WHAT THE TASK ASKS: Verbatim copy, images omitted: return the full listing.

DATA PROVIDED:
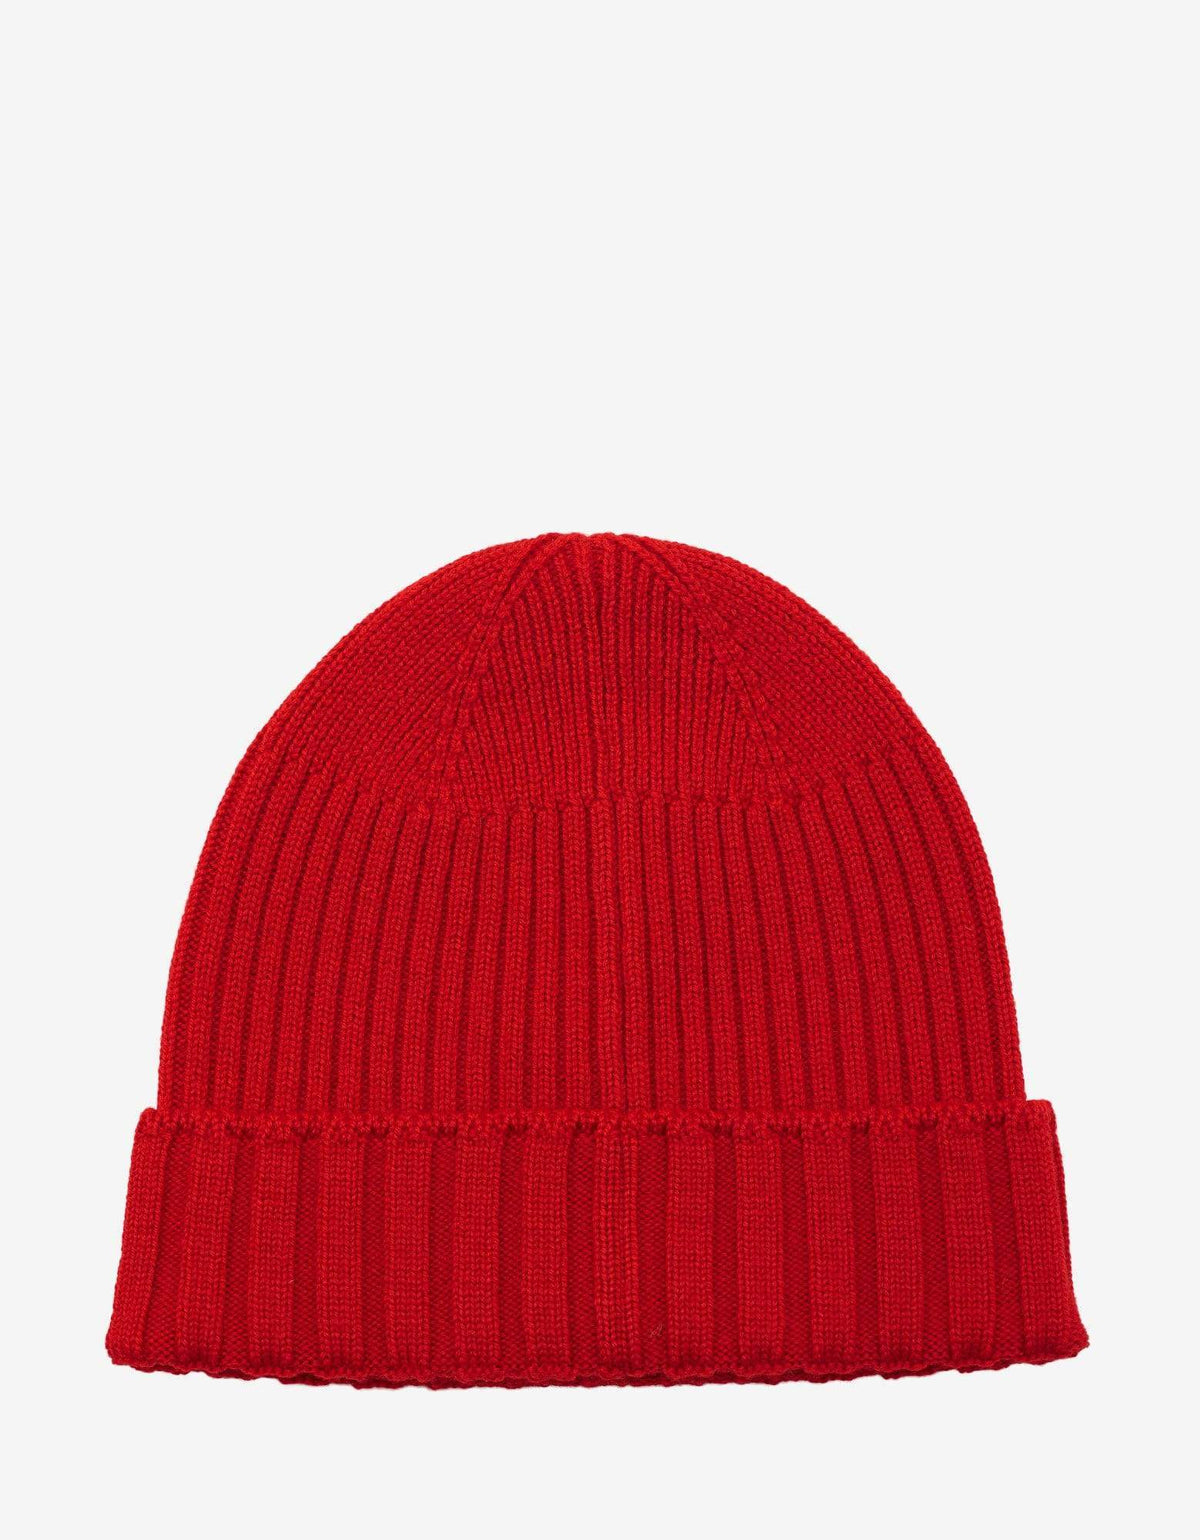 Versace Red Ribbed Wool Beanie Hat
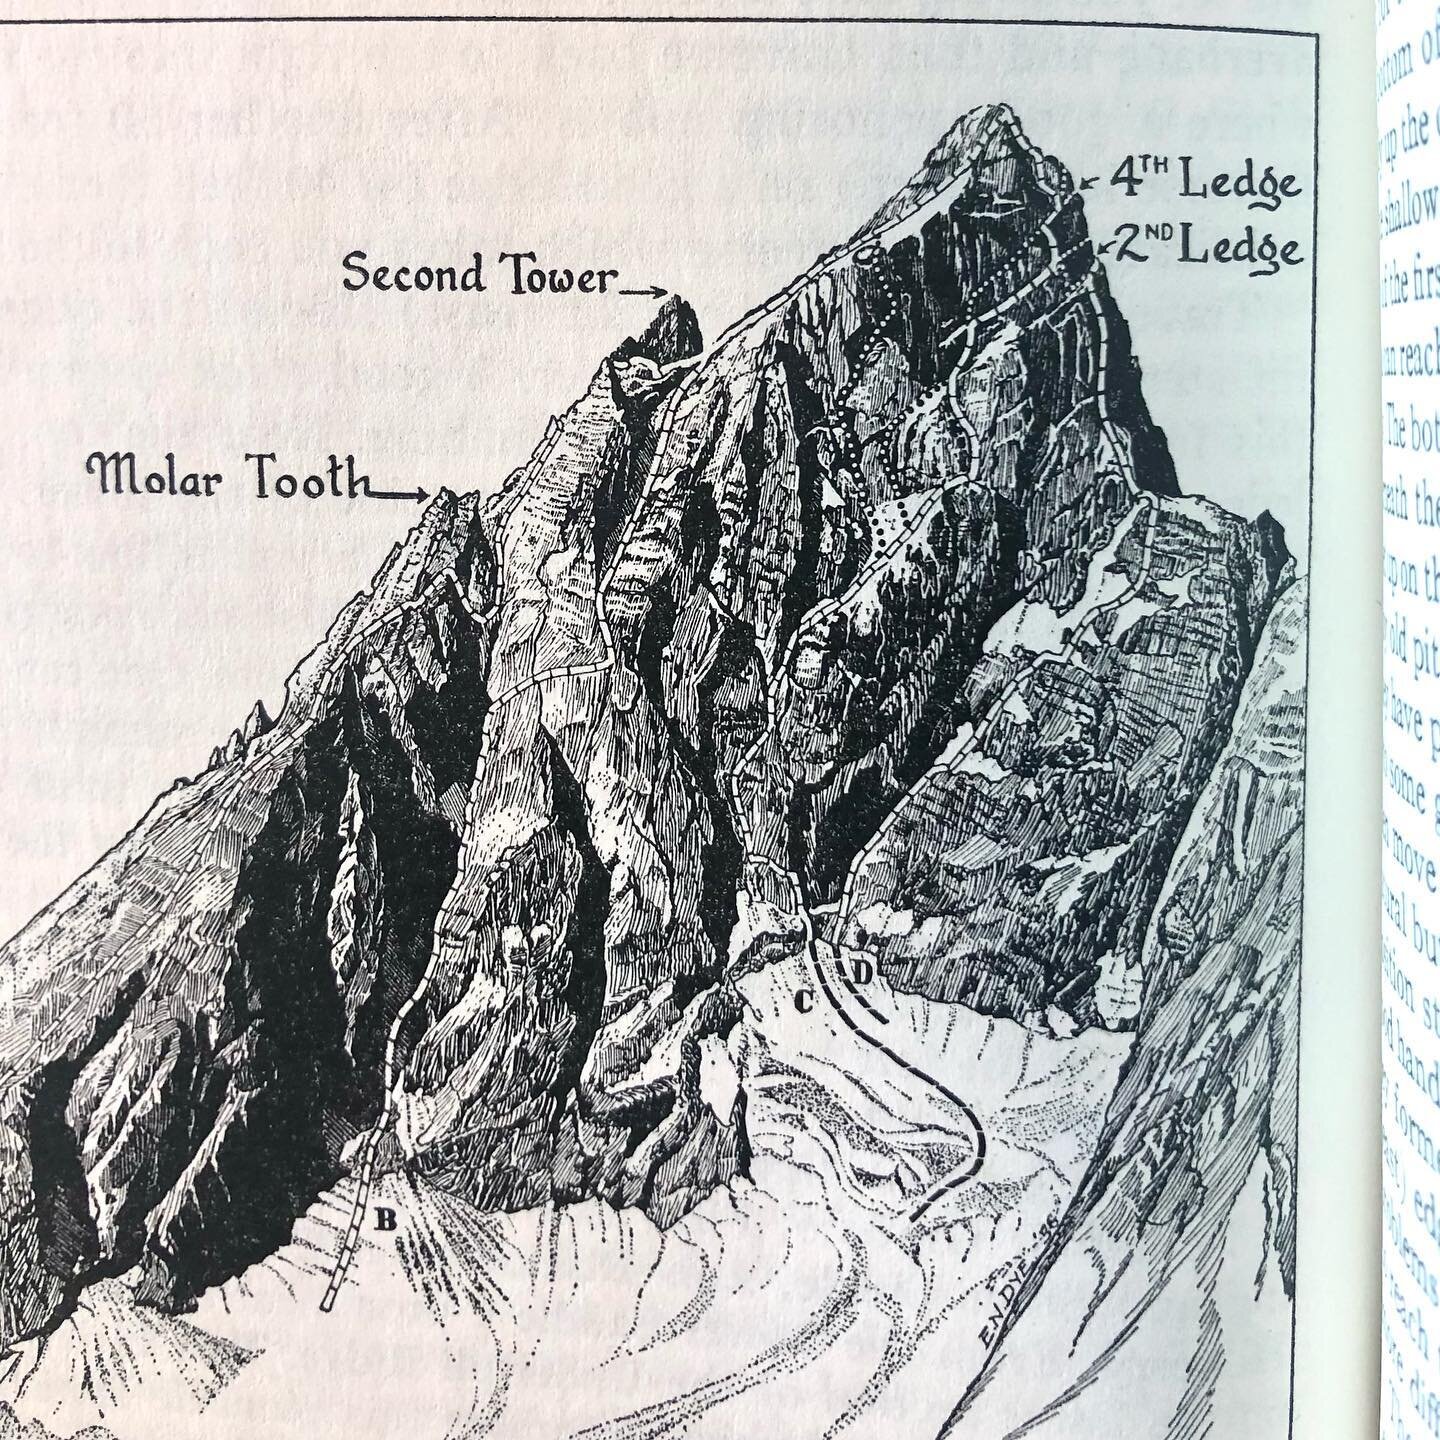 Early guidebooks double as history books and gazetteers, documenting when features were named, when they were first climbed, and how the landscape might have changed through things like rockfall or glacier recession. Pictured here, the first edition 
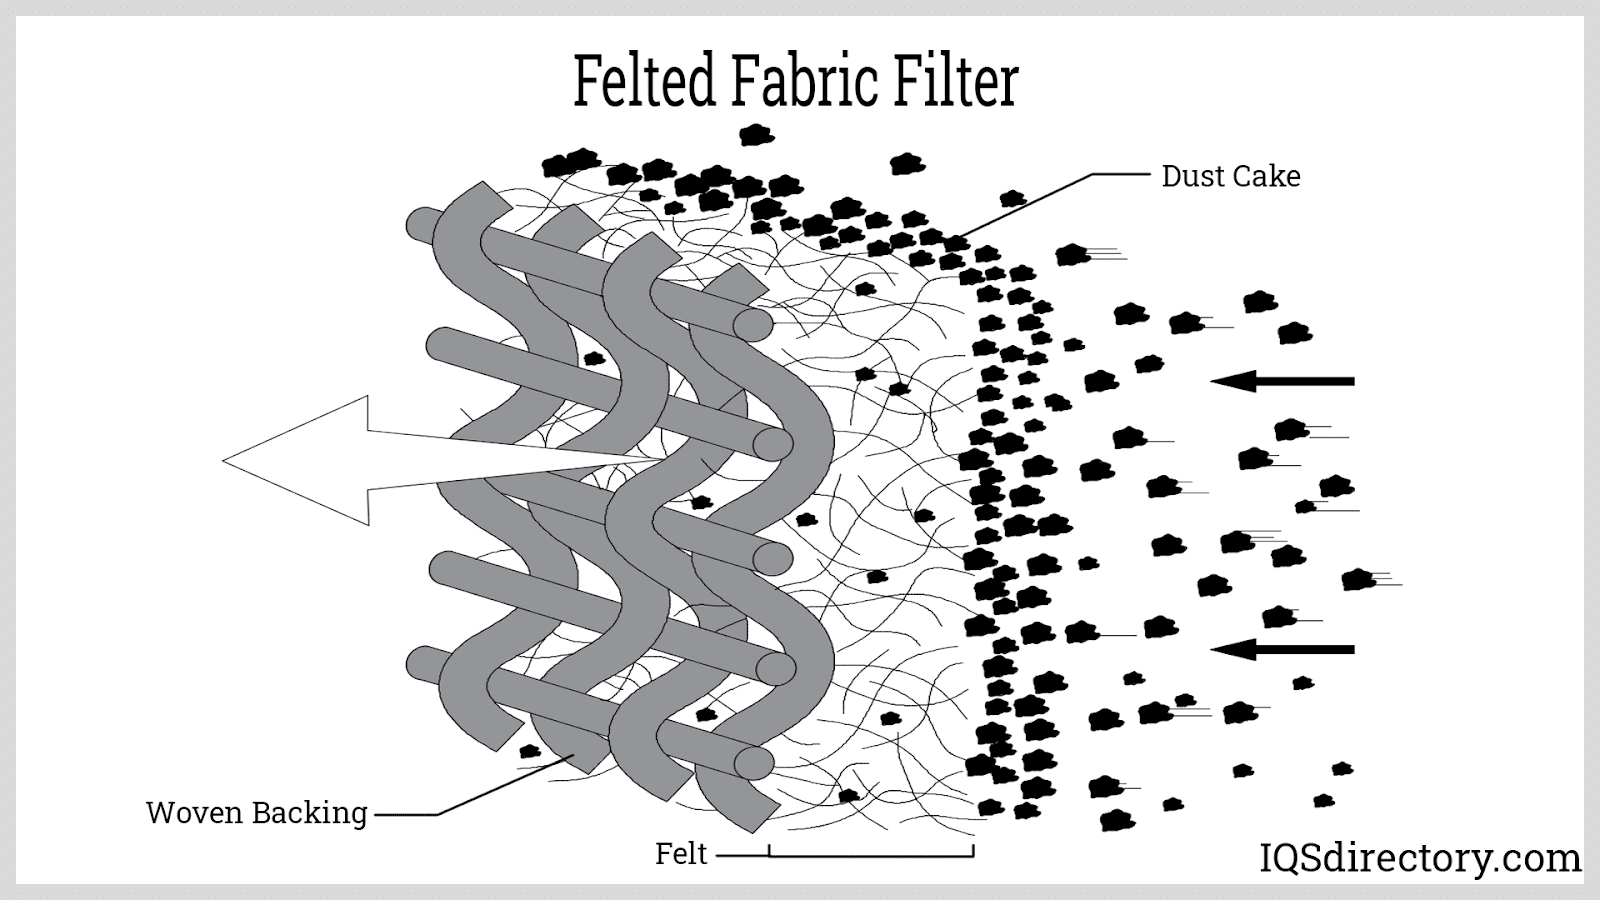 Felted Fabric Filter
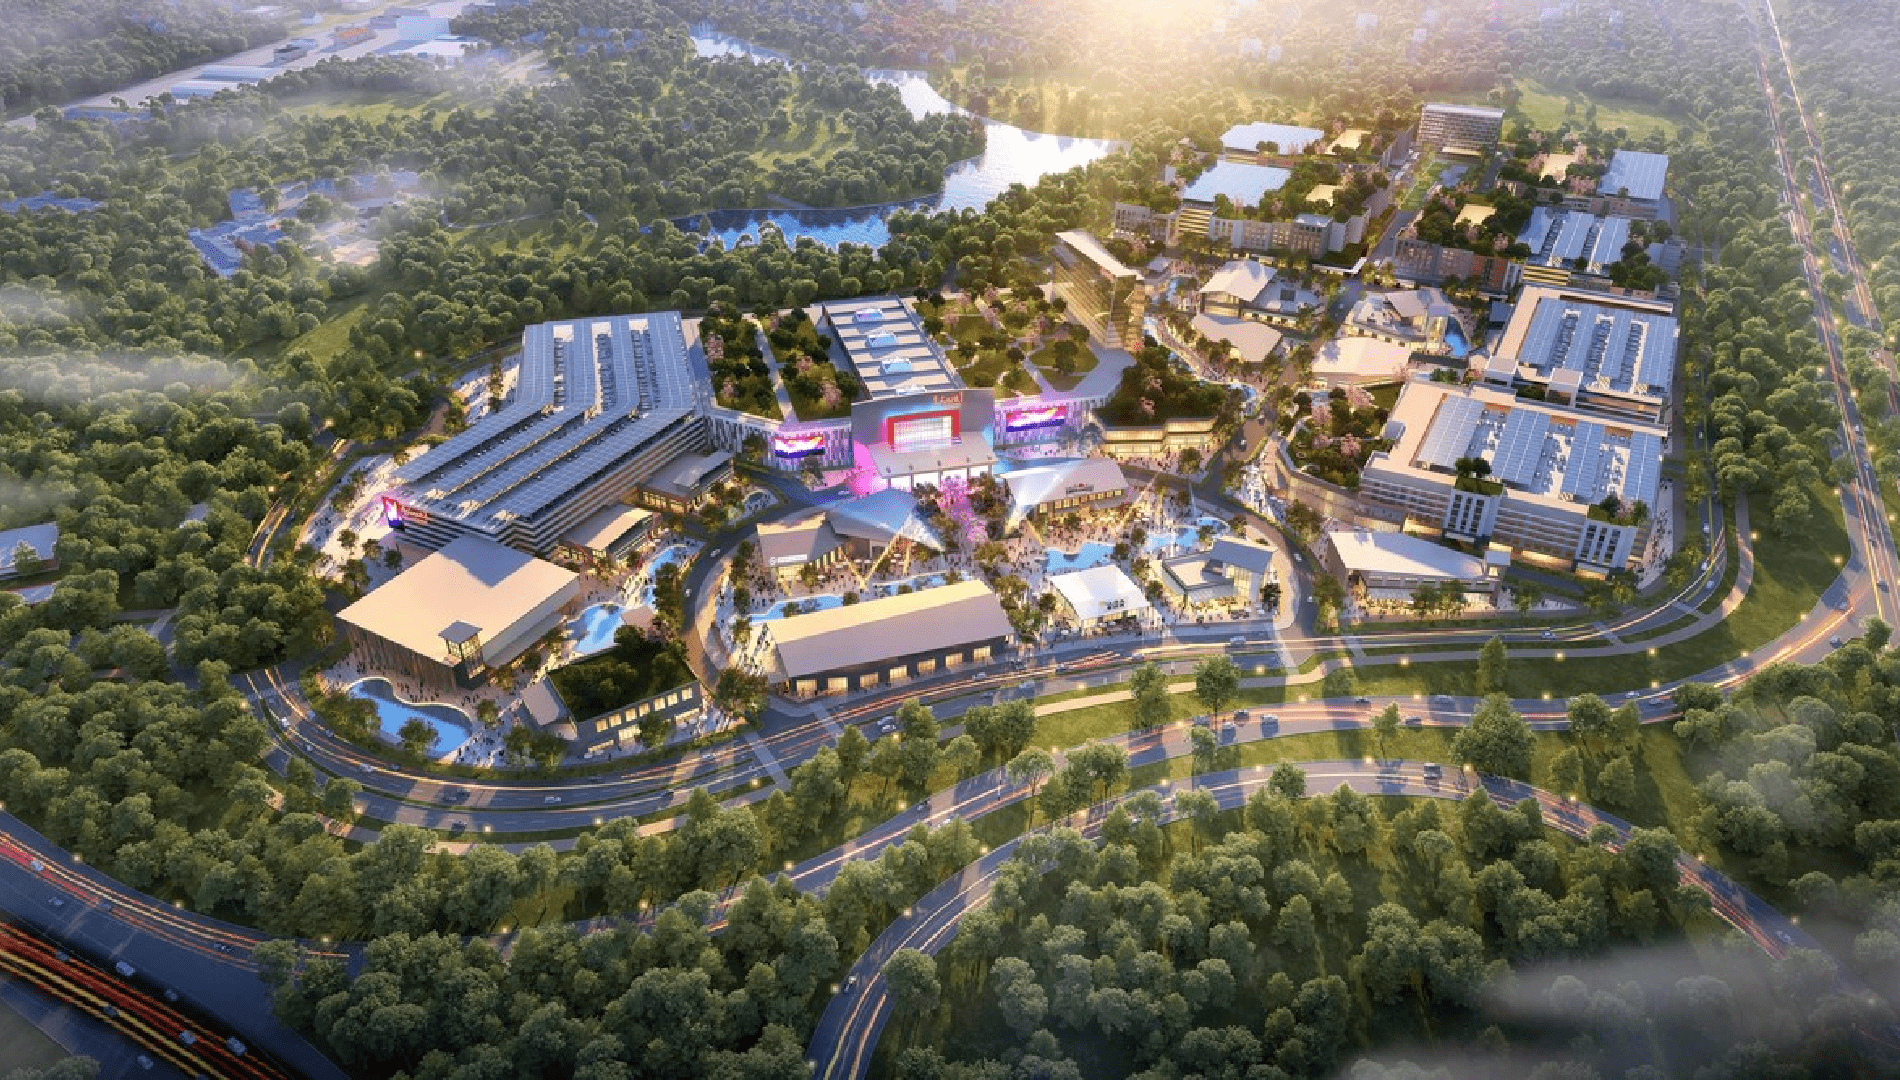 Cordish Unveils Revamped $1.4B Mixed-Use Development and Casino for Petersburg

ANSWER TO THIS PROBLEM:
 Versace Red Ribbed Wool Beanie Hat
 Early guidebooks double as history books and gazetteers, documenting when features were named, when they were first climbed, and how the landscape might have changed through things like rockfall or glacier recession. Pictured here, the first edition 
 Felted Fabric Filter
 Cordish Unveils Revamped $1.4B Mixed-Use Development and Casino for Petersburg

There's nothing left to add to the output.